WHAT THE TASK REQUIRES ▸ The data should be written out in full, exactly as it stands, and the pictures dropped.

DATA PROVIDED ▸
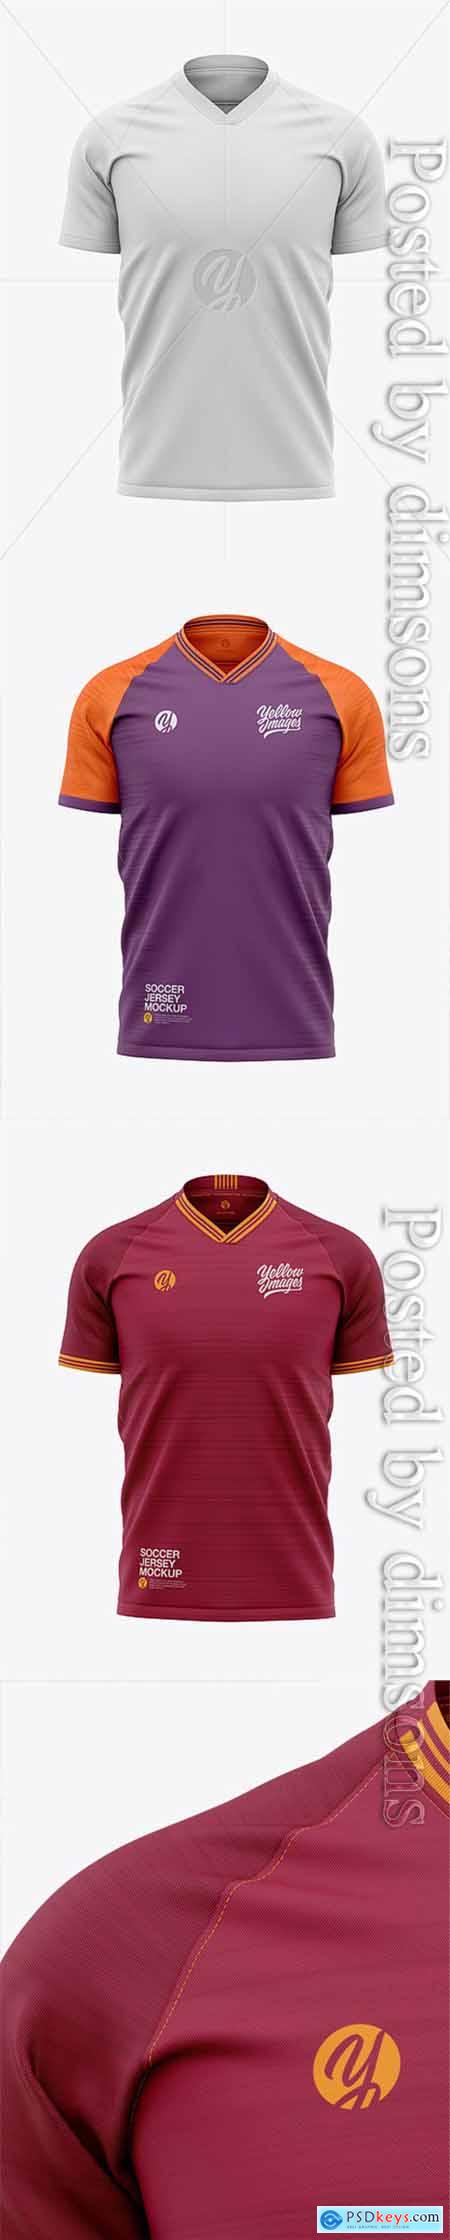 Download 23+ Soccer Bib Mockup Front View Pictures Yellowimages ...
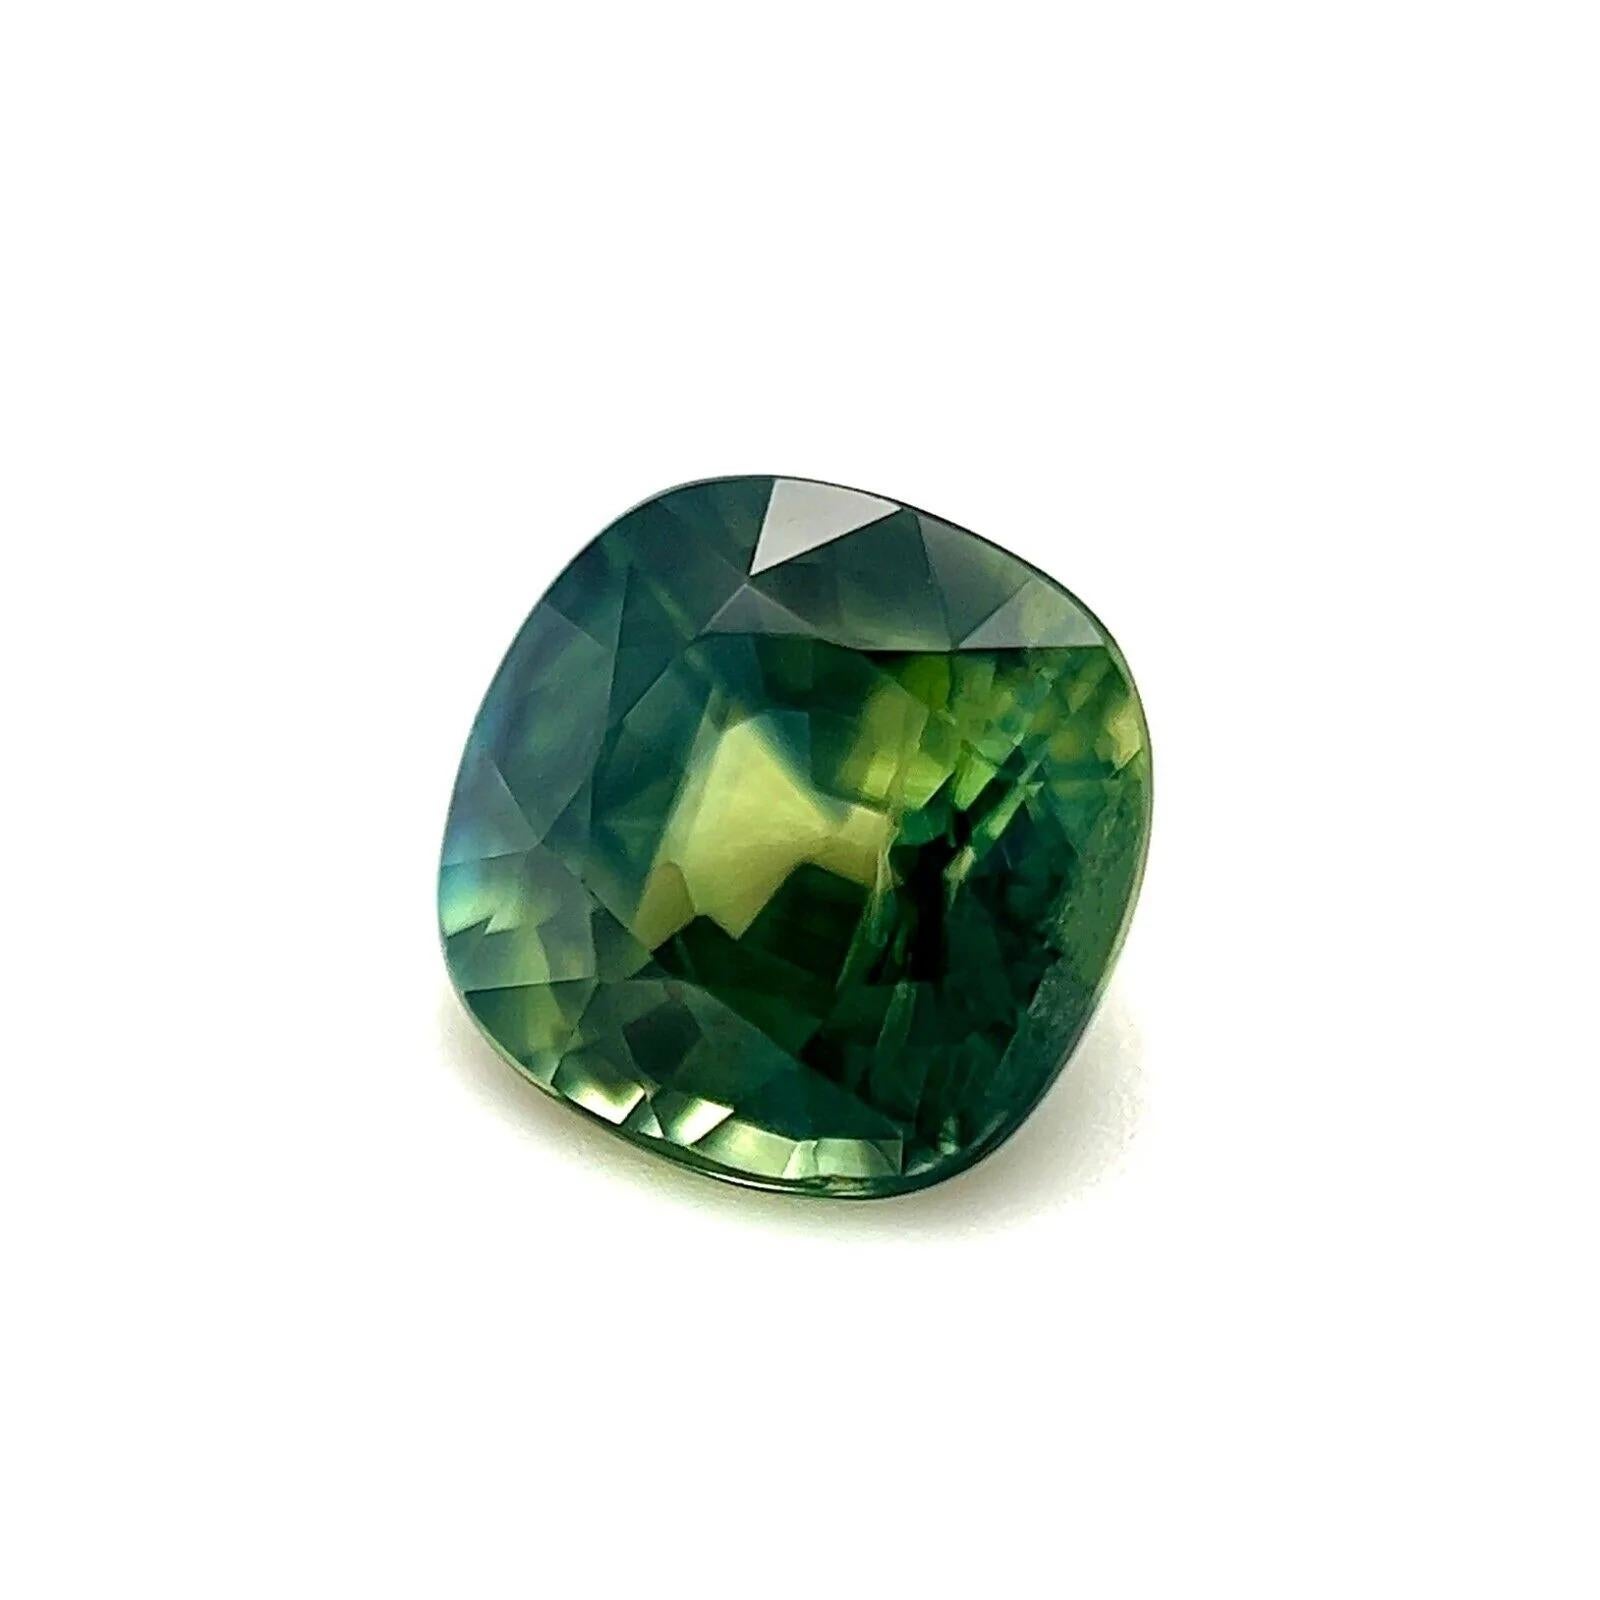 1.33ct Parti Colour Australia Sapphire Blue Green Yellow Cushion Cut Gem 6x6mm

Natural Australian Greenish Yellow Blue Parti-Colour Sapphire Gemstone.
1.33 Carat with a beautiful and unique greenish yellow blue colour and very good clarity, a very

REPLY TO THE TASK ▸
 Download 23+ Soccer Bib Mockup Front View Pictures Yellowimages ...
 1.33ct Parti Colour Australia Sapphire Blue Green Yellow Cushion Cut Gem 6x6mm

Natural Australian Greenish Yellow Blue Parti-Colour Sapphire Gemstone.
1.33 Carat with a beautiful and unique greenish yellow blue colour and very good clarity, a very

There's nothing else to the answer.